After a careful examination of subject terms used in either LISTA or LD, and heeding past research on effective search strategy, we performed the following searches:

 

LISTA: (academic AND librar* AND (reference OR "user satisfaction")) AND (SU (research or surveys or questionnaires) OR AB (study or survey* or interview* or research*))  

 

LD: all ((academic* AND librar* AND (reference OR "user satisfaction" OR "customer satisfaction" OR "customer services"))) AND su(research or surveys or questionnaires) AND ab(study or survey* or interview* or research*). Note that the LD search is identical to the LISTA search except for the inclusion of “customer satisfaction” and “customer services,” which are subject terms not used in the LISTA database.

 

Given the inconsistent application of subject terms in library literature databases, we note that articles given the subject term “academic libraries” might not describe undergraduate or community college libraries. However, we found no additional articles when we re-ran searches with the subject terms “community college libraries” and “undergraduate libraries.”

 

We then examined abstracts and developed a free-text keyword search that we adapted for use in all of the databases, in an attempt to find all articles that might not have had correct subject-term labels: (reference or "research consultation") AND (satisf* or evaluat* or assess* or improve*) AND (experiment* or survey* or qualitative or servqual or instrument or investigat* or analysis or questionnaire*) AND "academic librar*". We also ran a broad search for librar* AND reference AND satisfaction, being mindful that the “academic libraries” label might not be uniformly applied and that some articles might use “college” or “university” instead, or that various labels might be used to represent different categories of library patron, or different types of data-gathering instruments. We removed search terms related to research methodologies to have broad retrieval.

 

Conforming to our inclusion criteria, we limited results in each database to journal articles from the years 2015 and 2016 and checked each database for conference papers as a separate source type. We did not apply language or geographic location limiters and were prepared to examine articles in French or Spanish in addition to English, but our searches retrieved only English-language publications. In preparation for retrieving a large amount of results, such as within Google Scholar, we determined that we would review the first 300 items only. Within those 300 results, we ceased reviewing when we began encountering irrelevant items.

 

When searching PubMed, we applied a search filter provided by COSMIN in order to better identify all studies containing measurement properties.  In Google Scholar, we utilized the Advanced Search feature to narrow our results. In ERIC and CINAHL, we utilized the database thesauri to identify subject terms. We also hand searched 10 online journals (Journal of Academic Librarianship; College & Research Libraries; Library & Information Science Research; portal; Journal of the Medical Library Association; Journal of Librarianship and Information Science; Reference Services Review; Medical Reference Services Quarterly; Reference Librarian; and College and Undergraduate Libraries), adhering to our year restriction of 2015-2016. To standardize our searches, we created a table in which both authors’ search strings were input to compare and ensure that we were staying consistent with our searches and results.

 

All search strategies are provided in Appendix A.

 

Reviewing Process and Study Evaluation

 

We compiled citations in a RefWorks database and removed duplicates using the RefWorks tool.
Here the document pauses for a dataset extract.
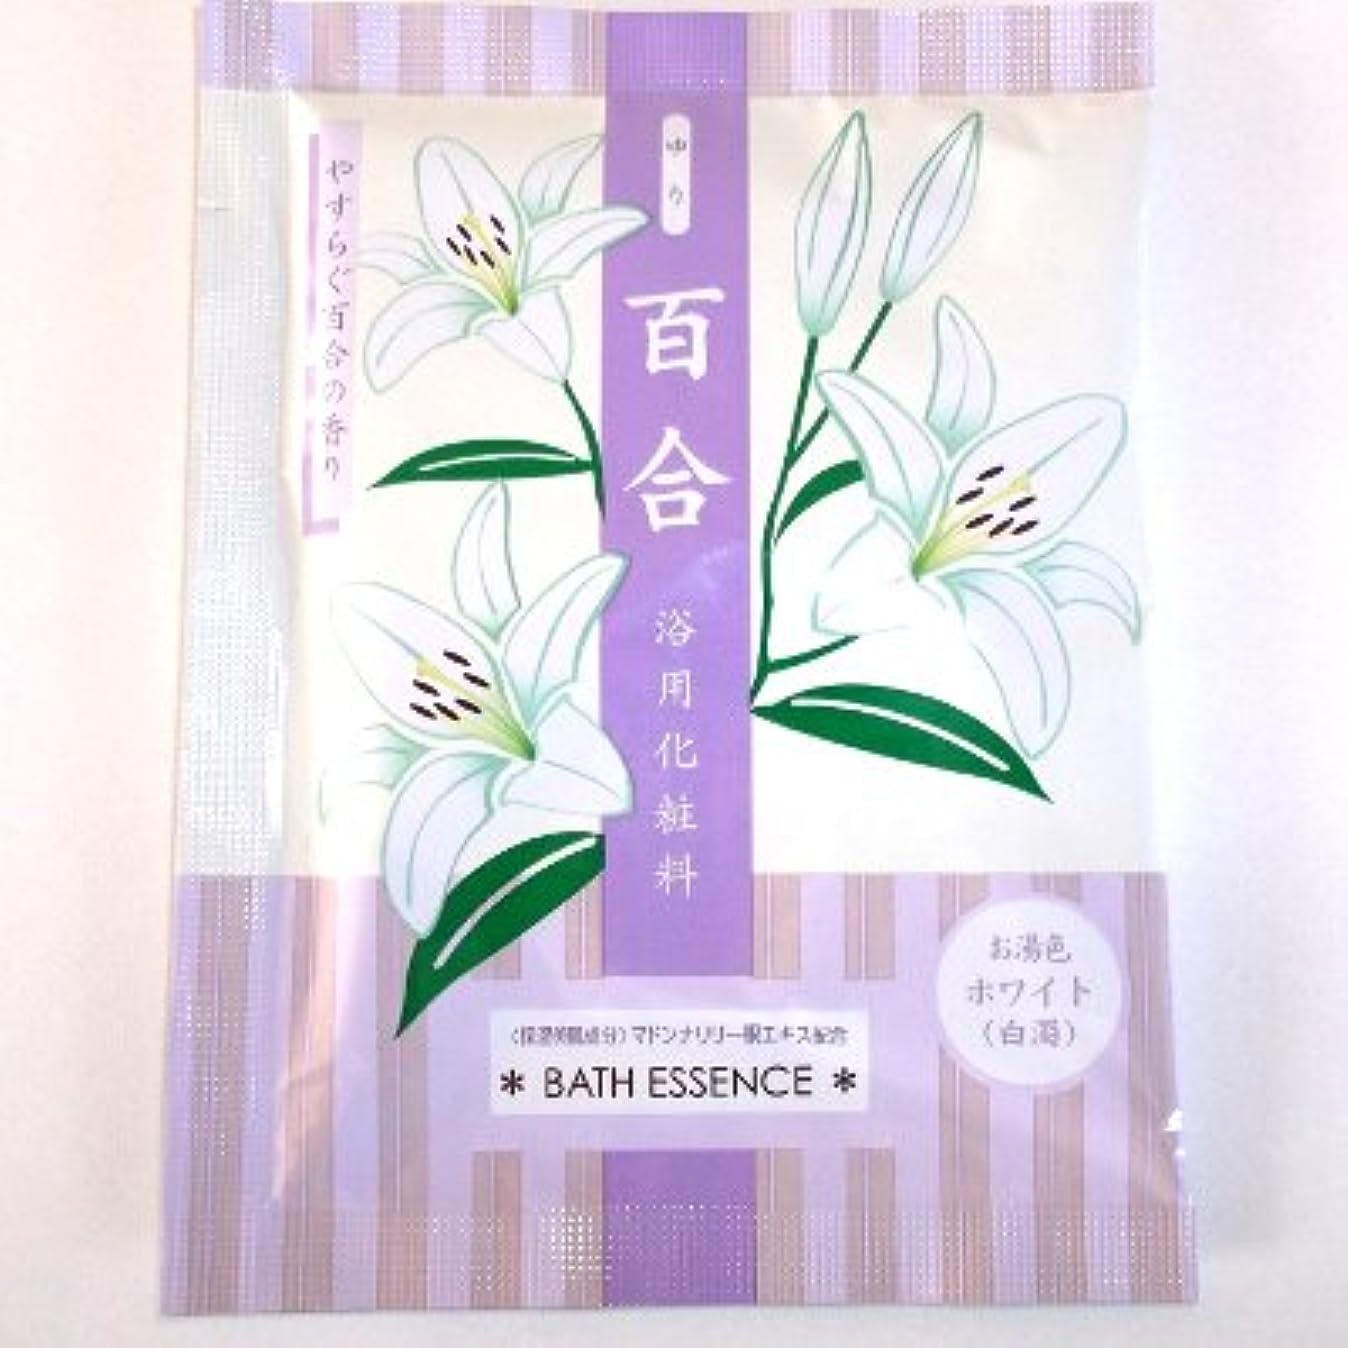 小競り合いフラフープくしゃみ花の入浴料 やすらぐ百合の香り

We examined bibliographic information from the databases, such as title and abstract, to screen for relevant articles. To add a peer reviewing element to our searches, we kept track of our subsequent searches on a separate workbook so that each author could observe and be able to discuss the quality of each search with the other. In those workbooks, we documented the search conducted, the database in which the search was conducted, the limiters set in each search, the results of each search, the citations found from each search (if applicable), and any notes.

 

Data Extraction

 

As stated earlier, we used Siddiq et al.’s (2016) extraction sheet as a model because we aimed to be descriptive rather than evaluative in scope. Following their model, we extracted the following data: country of study; stated purpose of study; mode of reference service; age/level of students (if students were part of the targeted population); size of targeted population; usable responses; sampling strategy; research design; data collection method; types of questions, other than demographic (i.e., Likert scale format; presence of open-ended questions); demographics gathered; technical aspects, such as distribution, availability of translations, duration of survey period; time allotted to complete survey; validity indicators; reliability indicators (see below for definitions of validity and reliability); instrument availability in appendix; reusability of instrument, if not appended; number of items related to satisfaction; content of items representing the satisfaction construct.

 

Definitions

Generally speaking, an instrument is said to provide valid results when it measures what the instrument’s developer intended it to measure within a study’s setting and population, and reliable results when the instrument provides the same score if repeatedly implemented among the same population. Researchers have further specified various elements that assist in demonstrating the validity of information obtained via an instrument. We used these definitions when examining the instruments we gathered. Tables 2 and 3 include the codes we assigned to each element, to make our reporting table more compact.

 

Table 2 

Definitions of Validity

Title

Code

Definition

Evidence

Face Validity

V1

 

 

 

“The instrument appears to measure what it claims to measure” (Gay, Mills, & Airasian, 2006 as quoted in Connaway & Radford, 2017, p. 82)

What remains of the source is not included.